- Born: 1981 or 1982 (age 44–45)
- Education: Narrabundah College, Canberra
- Occupation: Actor
- Years active: 2002–present
- Notable work: Em 4 Jay Secret City Late Night with the Devil Hotel Cocaine
- Spouse: Nick Barkla

= Laura Gordon =

Australian actress (born 1981 / 1982)

Laura Gordon (born 1981 or 1982) is an Australian actress.

==Early life==
Gordon was raised in Canberra, Australia. She caught the acting bug when her father took her to see an amateur production as a young child.
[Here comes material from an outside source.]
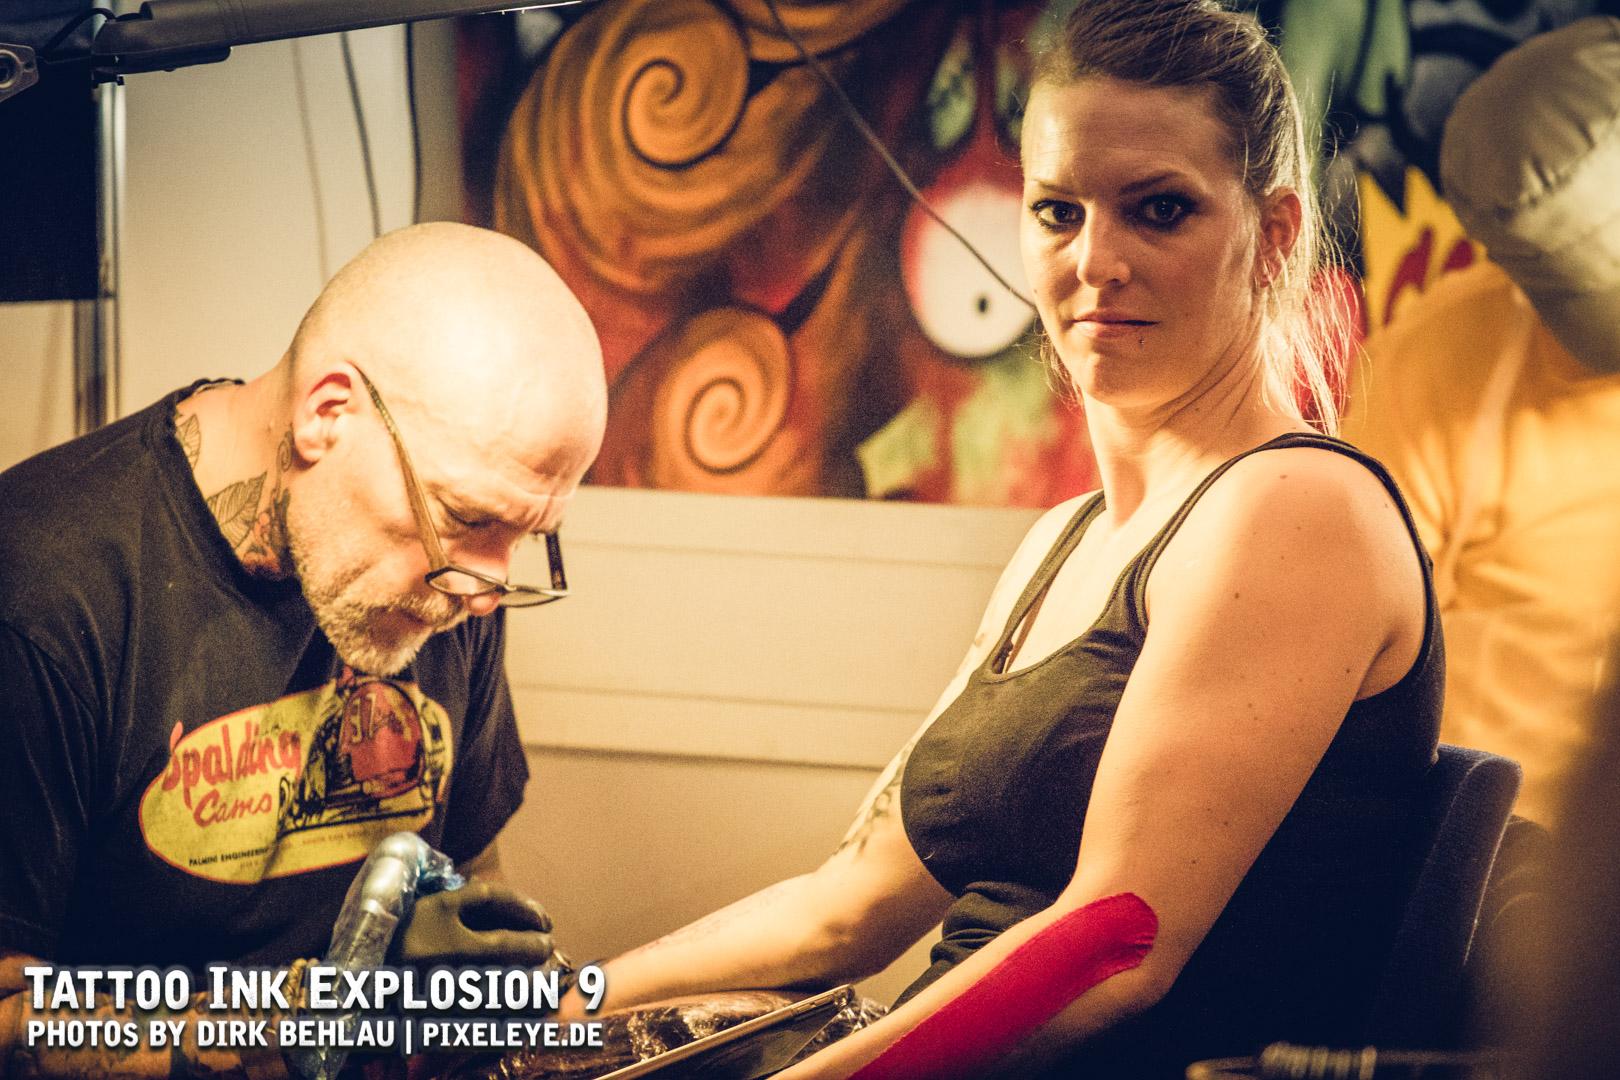 Tattoo Ink Explosion 2018 WEB by Dirk Behlau-1345.jpg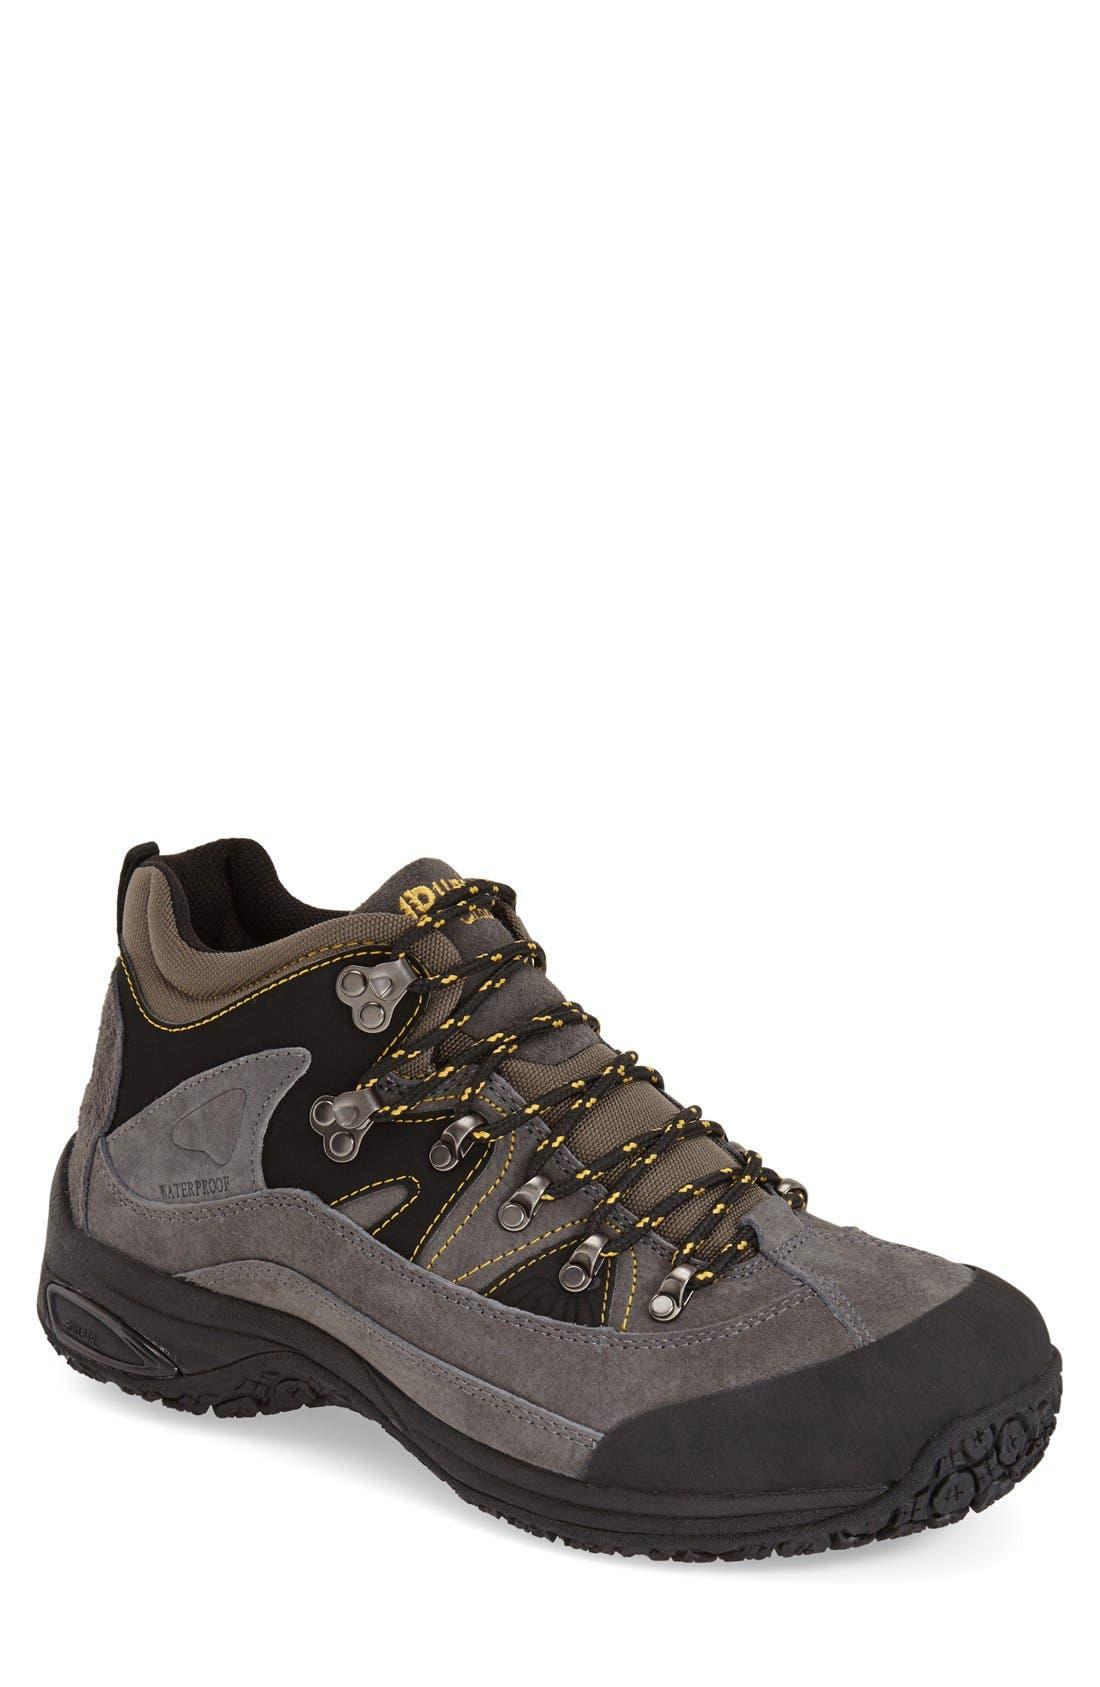 Dunham 'Cloud' Waterproof Hiking Boot (Men)

She attended Narrabundah College, which had a drama program, laying the foundation for her future acting career.

==Career==
Gordon's major roles include Australian drama films Em 4 Jay (2006) and Face to Face (2011), and U.S./Australian horror Late Night with the Devil. Her television appearances include Winners & Losers, Hunters and Secret City: Under the Eagle. Most recently she has played a lead role in U.S. Amazon/MGM+ crime thriller series Hotel Cocaine, as Janice Nichols, the manager of the Mutiny Girls at the nightclub.

Gordon was nominated for the 2020 AACTA Award for Best Actress in a Leading Role for her role in Undertow (2018).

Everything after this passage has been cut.